Generate the report. The most important part of the process is generating information. Depending on how deep of an analysis you’d like to perform on the malware, APIs like VirusTotal return analysis reports in HTML that allows you to analyze the behavior of malware, find similar malware and even see network traffic it creates. You can send these reports back to your secure storage to share with other analysts or keep them locally on your computer.
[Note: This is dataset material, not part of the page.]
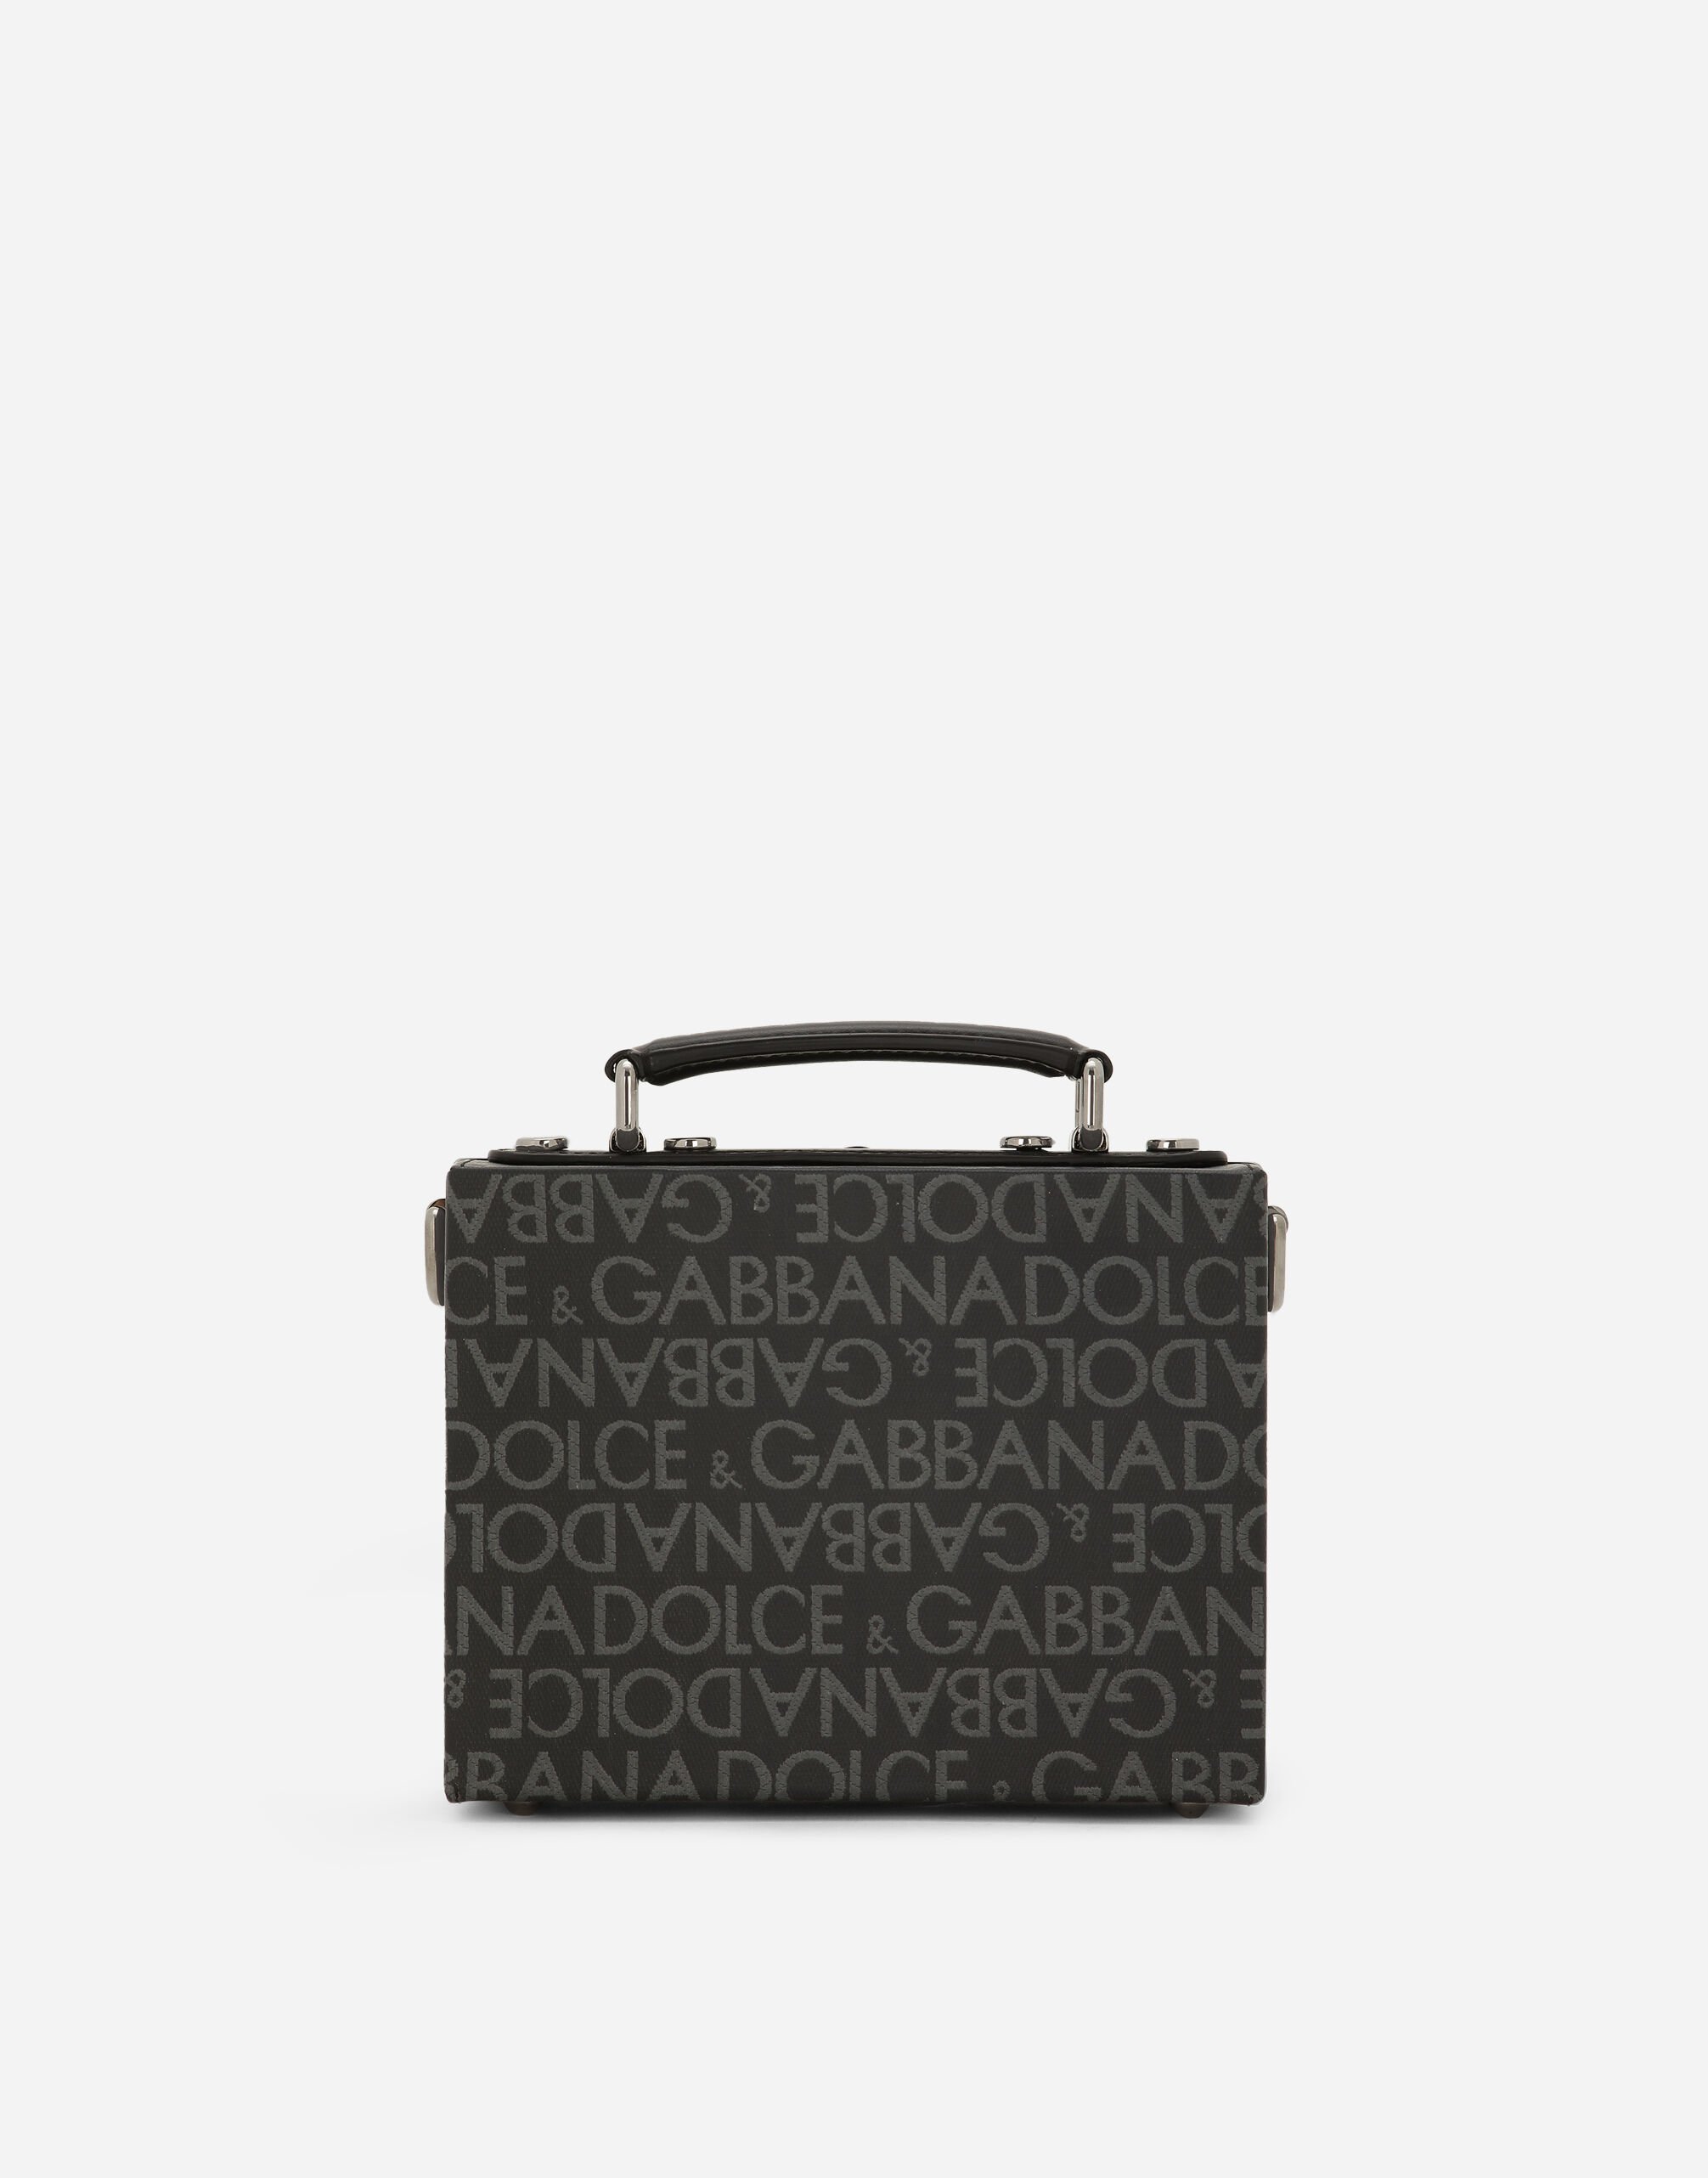 Dolce & Gabbana Tasche Box aus beschichtetem Jacquard Braun BM3004A1275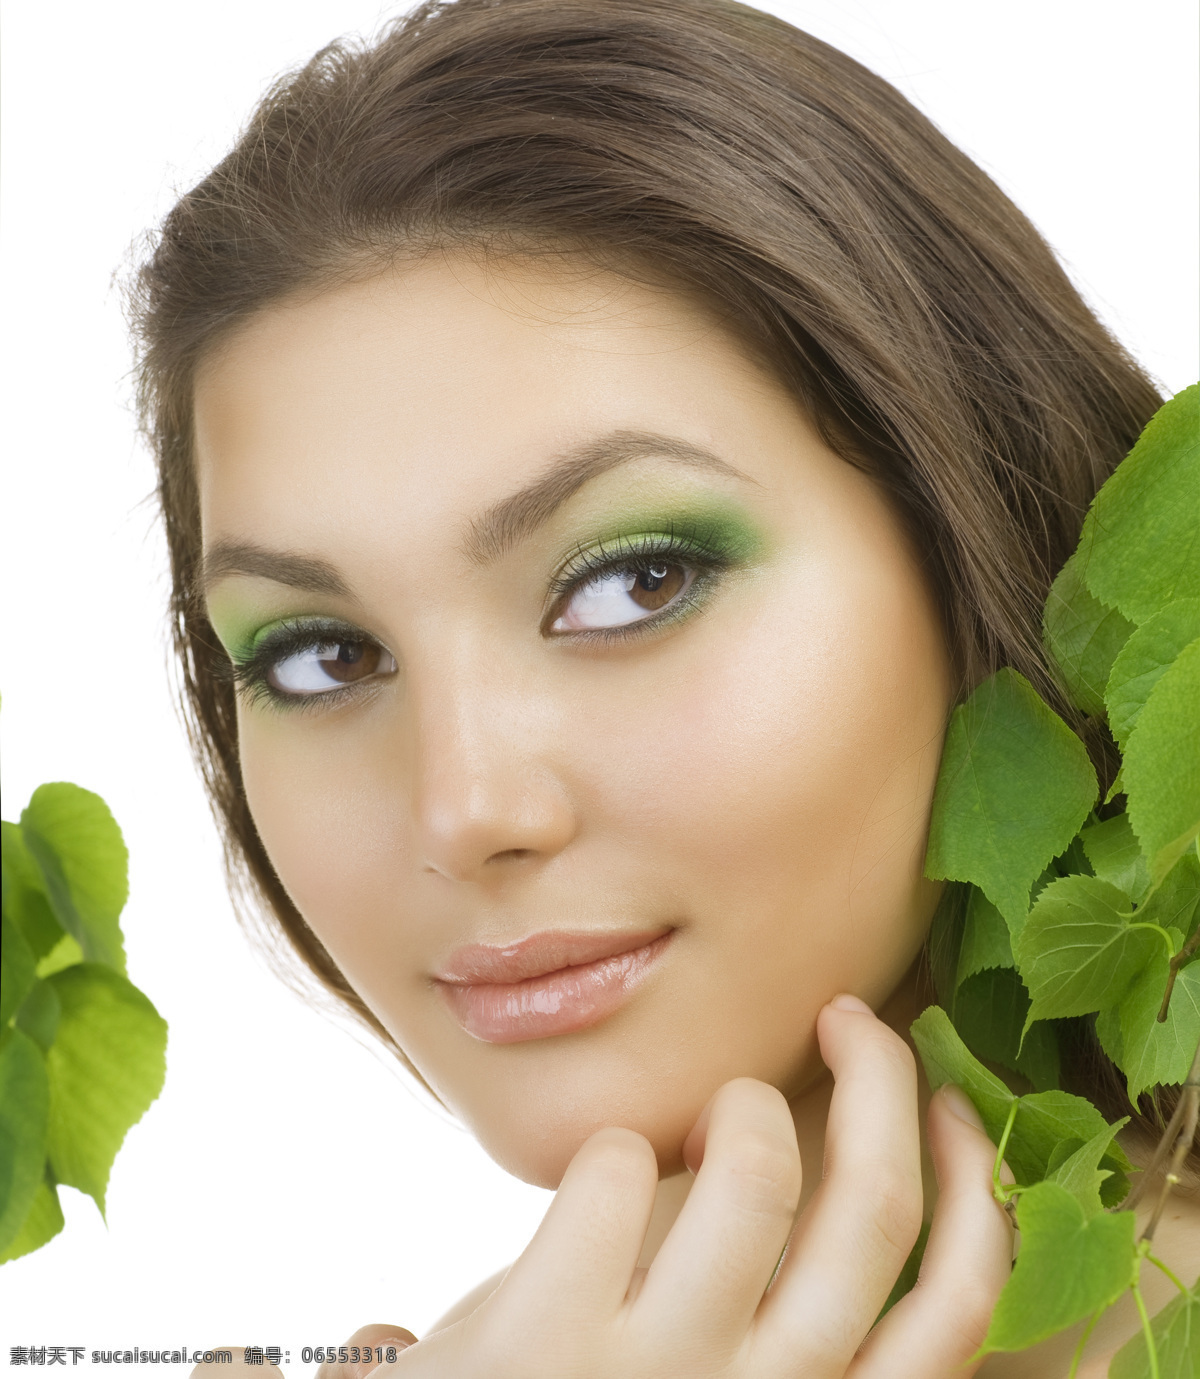 化 绿 眼 妆 气质 女人 人物 女性 漂亮 美丽女人 魅力 美容 护肤 化妆 彩妆 绿色眼影 绿叶 植物 摆造型 发型 人物图库 拍照 高清图片 美女图片 人物图片

Putting it together. The above demonstrates the workflow of a successful script to take and send files from secure storage to the malware analysis platform of your choice. First, retrieve the file from secure storage, then send it to the sandbox, and finally retrieve the report and send it back to your secure drive or store it in a local directory. As simple as this process may be, it’s essential to remember to transfer these files in a safe, fast and isolated fashion so that dangerous malware never touches your endpoint or network.
The best part is once you have the script built, you can do bulk malware analysis within minutes.
Say your favorite malware submission platform is VirusTotal, you can create a script that takes in all your artifacts from secure storage, submits them to VirusTotal, and you get the reports back inside another drive within secure storage. You can utilize shared drives that allow everyone within your organization to look inside and view the reports safely within the browser. It never touches your endpoint.
With these steps, you don’t have to worry about attribution, virtualization or accidental exposure, and the total malware analysis time is significantly reduced. No more wasting hours and hours configuring your virtual machine to look like a regular average Joe Windows 10 box.